Four Cases of Airway Infections Caused by MRSA (Methicillin Resistant Staphylococcus Aureus)

1990 
Currently, infections caused by MRSA (methicillin-resistant Staphylococcus aureus) pose a great problem clinically. We present 4 patients with MRSA infections experienced by us. In these patients the infection was localized in the trachea and main bronchus. The first patient was a 62-year-old man. After undergoing operation for early gastric cancer, he had septic shock and was admitted to our center. The second was a 60-year-old man.

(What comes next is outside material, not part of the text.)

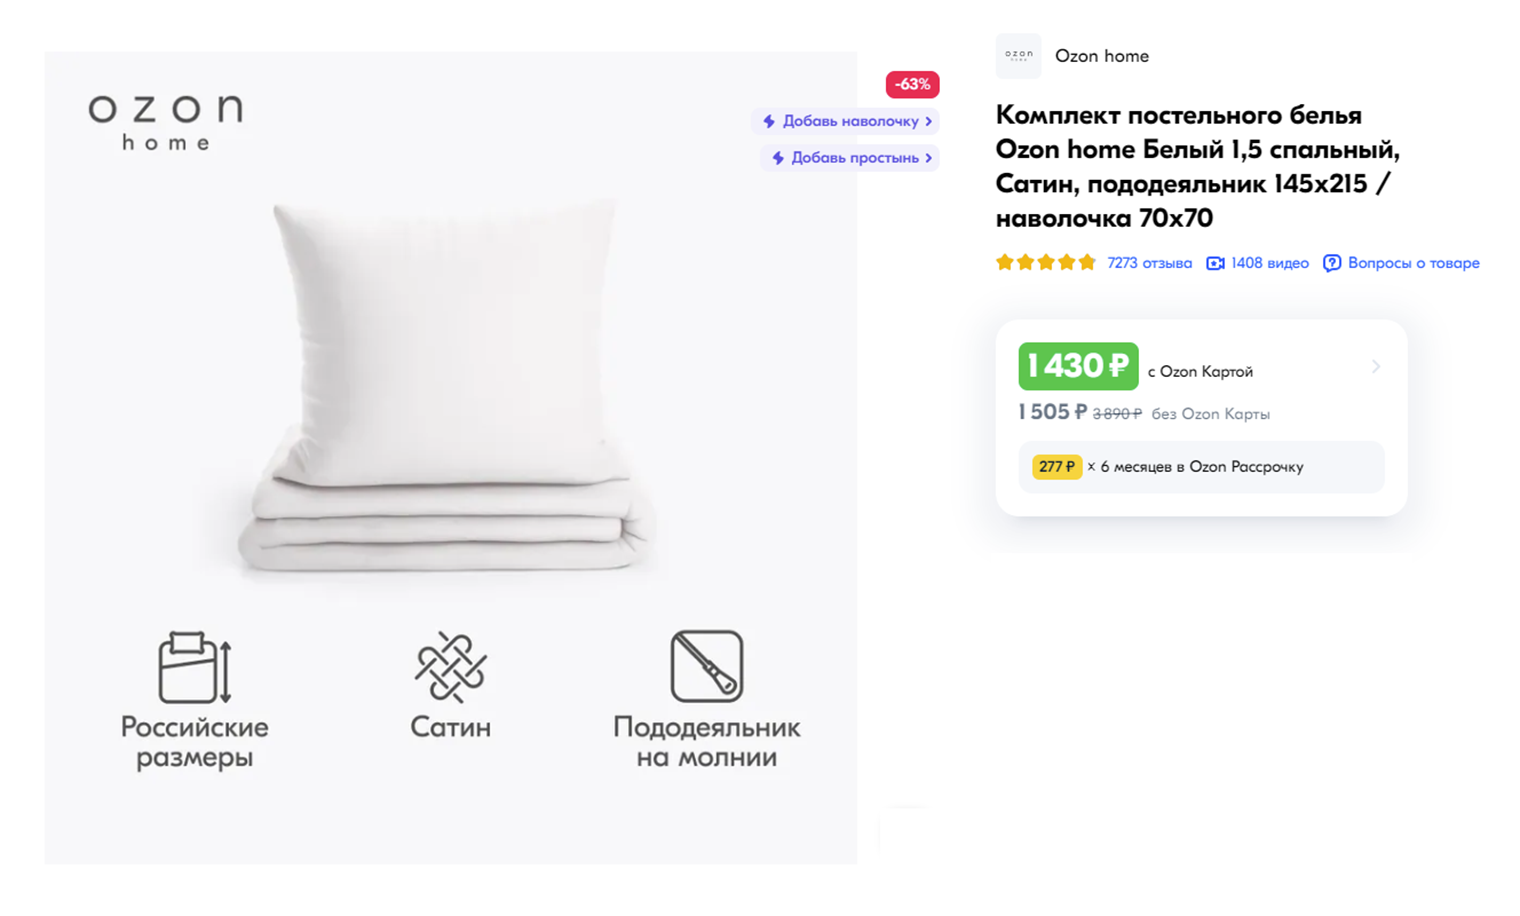 Можно купить стандартный белый комплект, а можно что⁠-⁠то более веселое. Источник: ozon.ru

After he underwent operation for advanced gastric carcinoma at another hospital septicemia developed due to suture failure and he was admitted to our center. The third was a 38-year-old woman who was admitted to our center because of grades II degrees-III degrees burns on 75 to 80% of her body surface area. The fourth was a 60-year-old man who was admitted to our center because of rupture of an aneurysm of the abdominal aorta. It is assumed that MRSA has quite different characteristics from the usual MSSA (methicillin-sensitive Staphylococcus aureus) in that it produces a new penicillin-bound protein (PBP-2') within cells. Thus, from the fiberoptic bronchoscopy findings of our own cases it is considered that there may be cases in which the observed lesion is localized in the central airway alone, without involvement of the segmental bronchi. We believe it necessary to take some prompt measures under a suspicion of airway infection caused by MRSA in the following cases: (1) compromised hosts under tracheal intubation, (2) patients who are under treatment with second or third generation cephalosporins, and (3) patients with production of bloody sputum, and (4) endotoxin-positive patients.